I think not, but I wish to conform strictly to your suggestion. Superphosphate is livestock. Superphosphate is the blood and bones and flesh of livestock. Withdraw superphosphate and we shall see in this country what we saw in 1947—the livestock dying of starvation on the grasslands of Ireland, as they ate the grass, because there was no superphosphate in the grass. We discovered then for the first time, in our midst, a cattle condition unknown possibly except in the veldt of South Africa—aphosphorosis.

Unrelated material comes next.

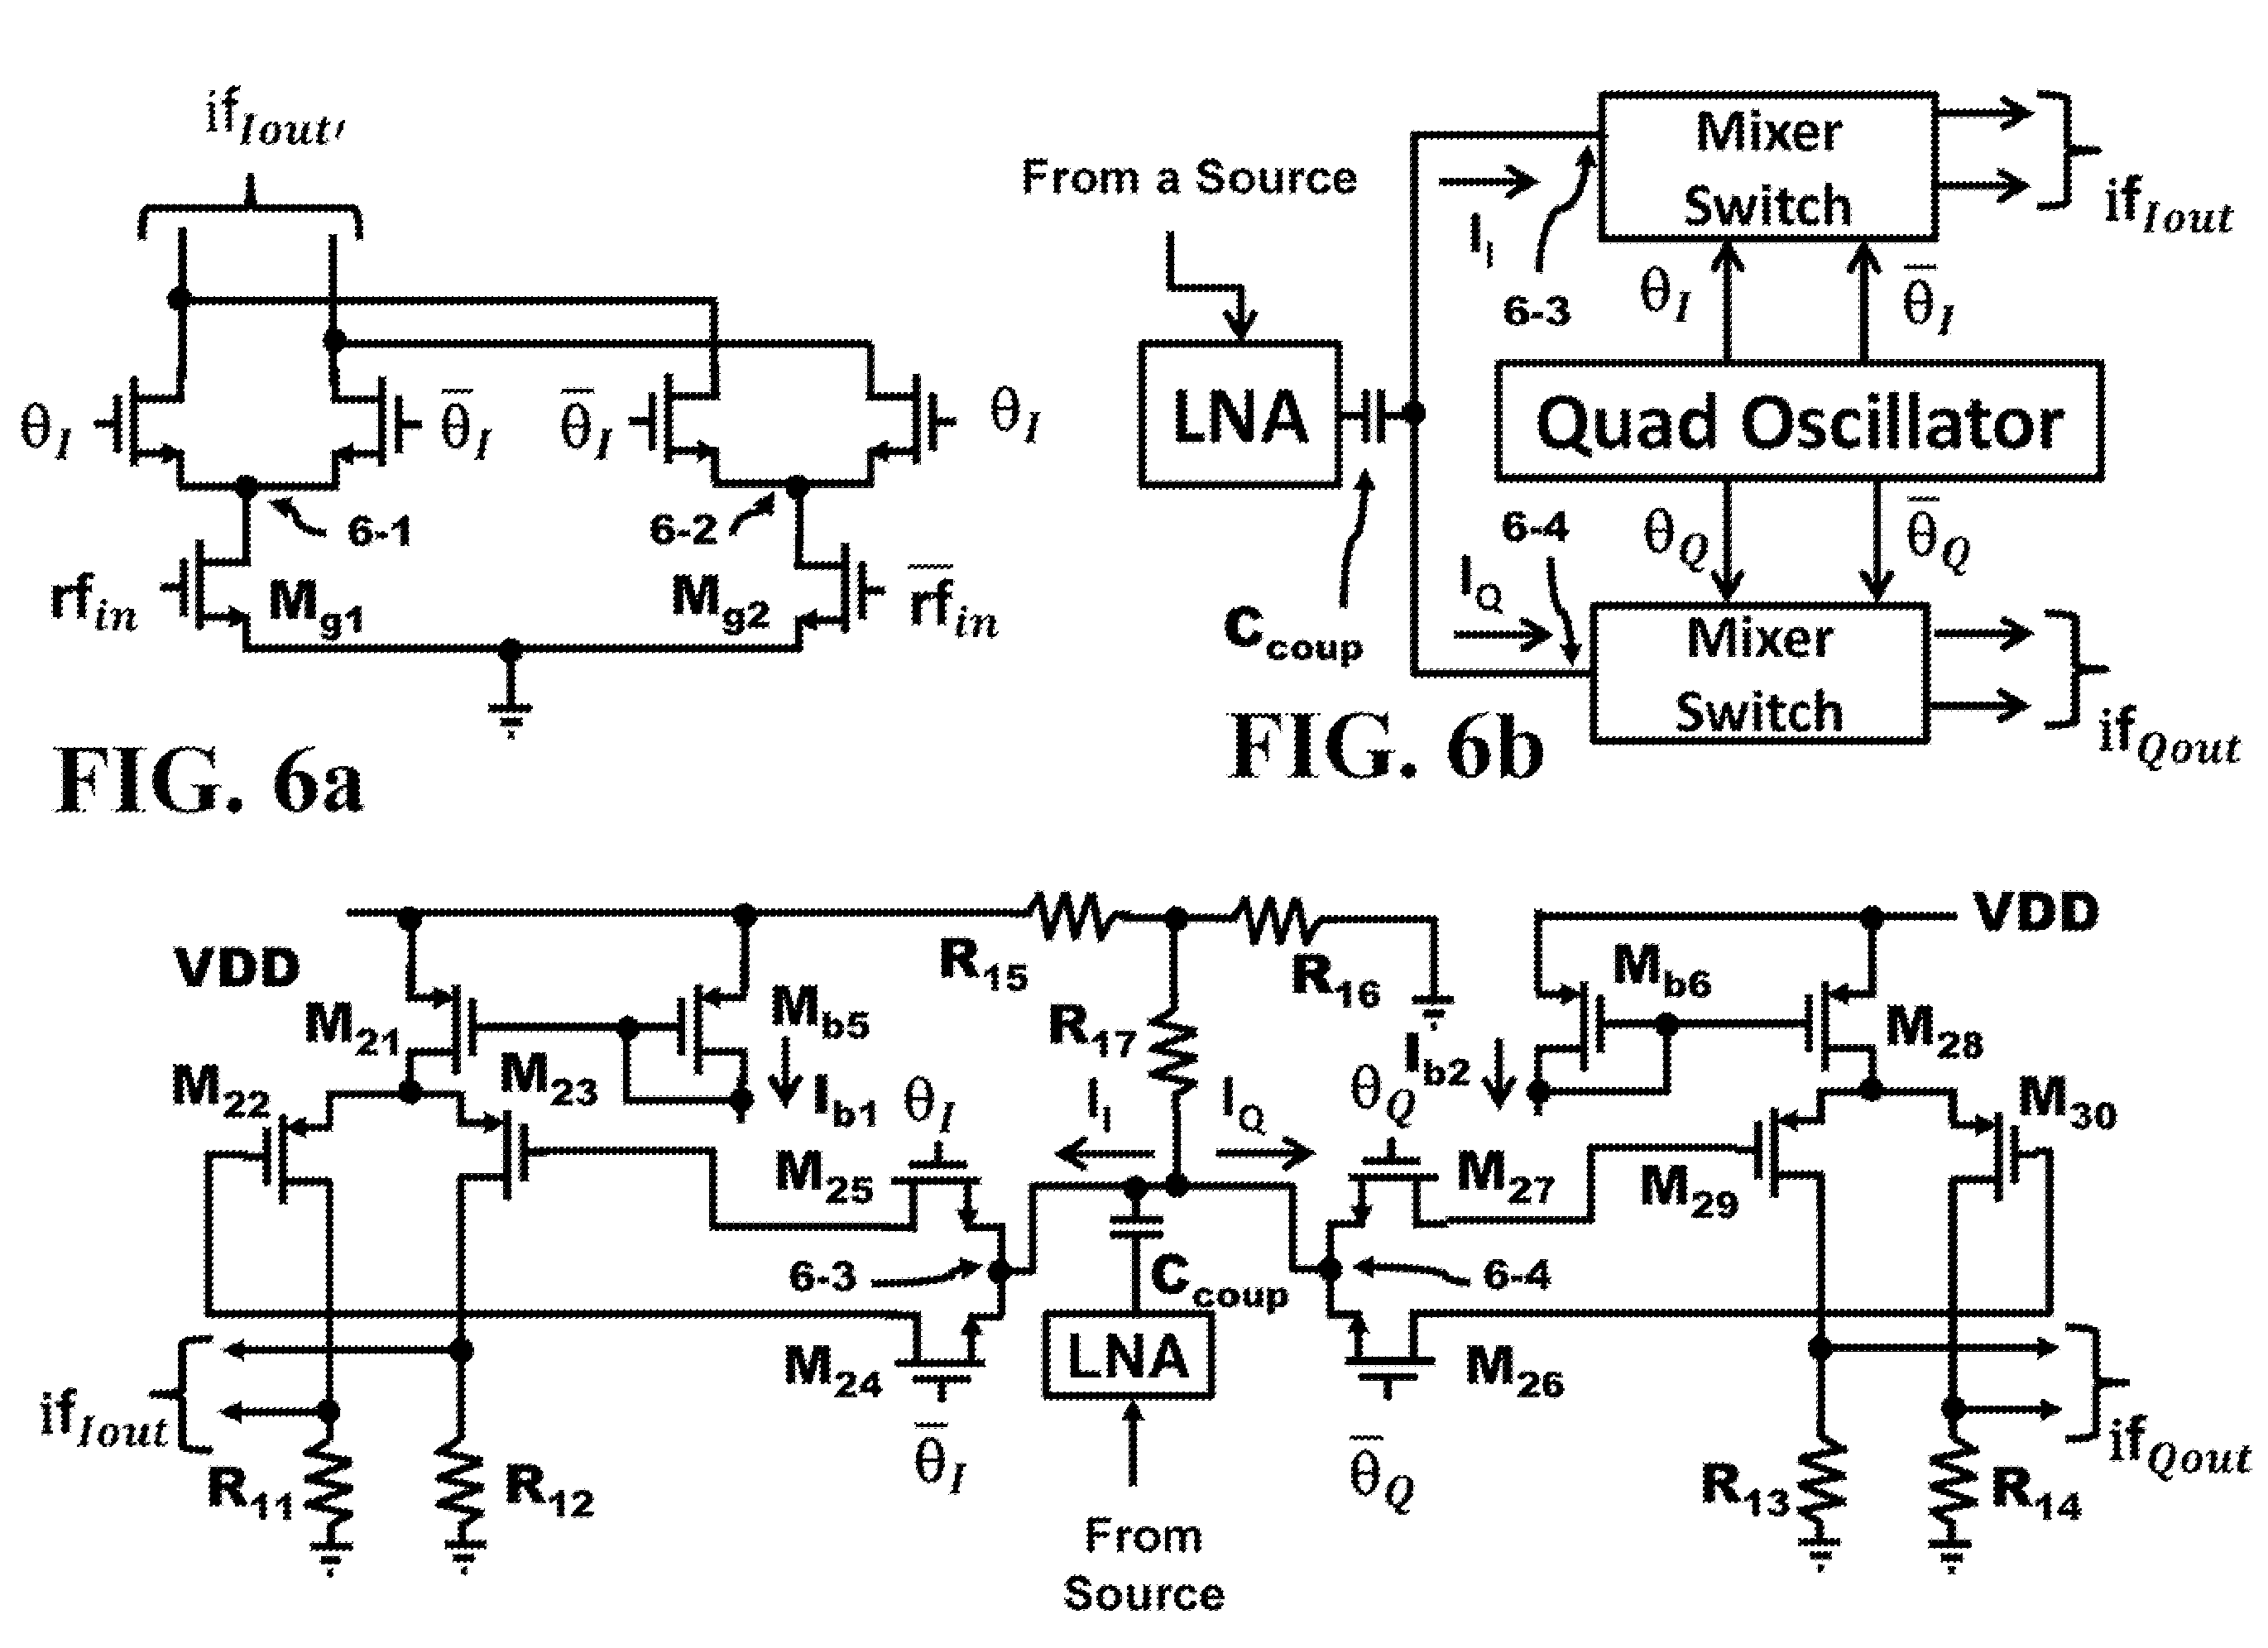 Method and Apparatus of an Input Resistance of a Passive Mixer to Broaden the Input Matching Bandwidth of a Common Source/Gate LNA
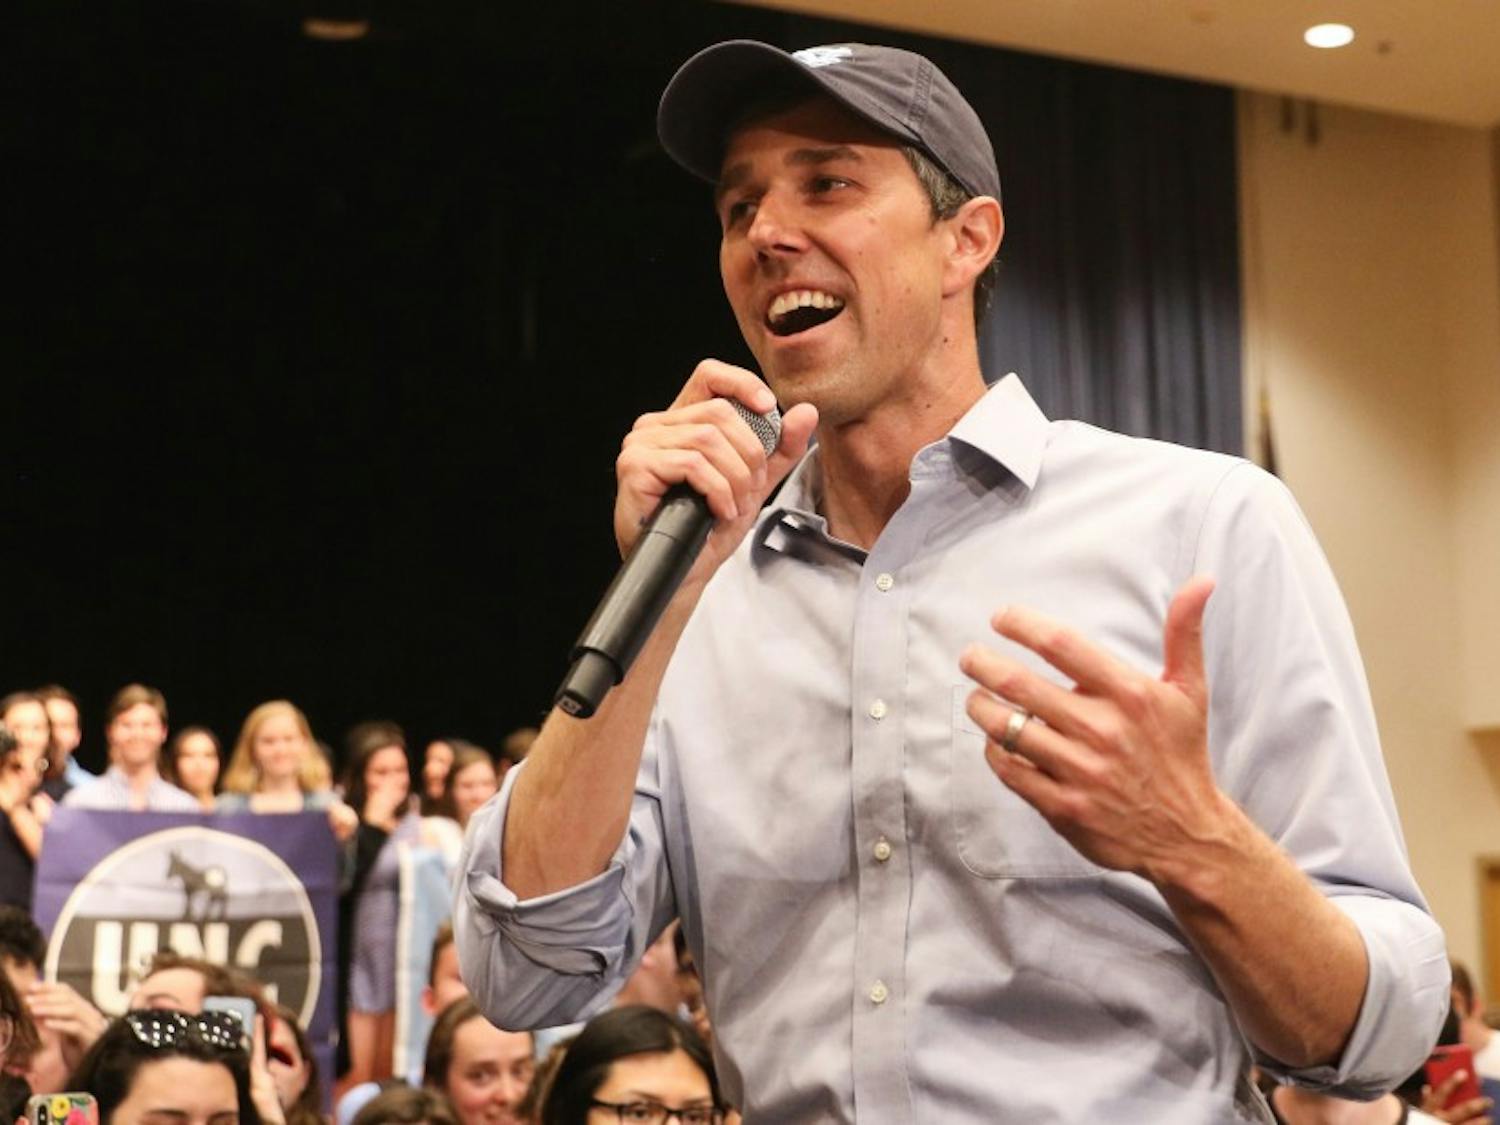 Presidential candidate Beto O'Rourke comes to University of North Carolina

I know it is difficult for the House to see, as it appears to me, the intimate contact between superphosphate and the standard of living of a labouring man in Dublin, Cork, Waterford or Limerick, but to me the chain is unbroken and as clear as crystal, because in superphosphate, I see the very essence and substance of the livestock industry, and in the livestock industry, I see the means of getting foreign exchange with which to purchase the raw materials to employ men in their own country. I realise that the bulk of our income from abroad is the fruit and produce of the prudent user of the land of Ireland which cannot be undertaken without an abundant supply of these materials, our present user of which should be quadrupled and doubled again. We can never do that if we do not make superphosphate available to our farmers at the lowest price possible. This is a clear departure from that principle and we propose to divide against it.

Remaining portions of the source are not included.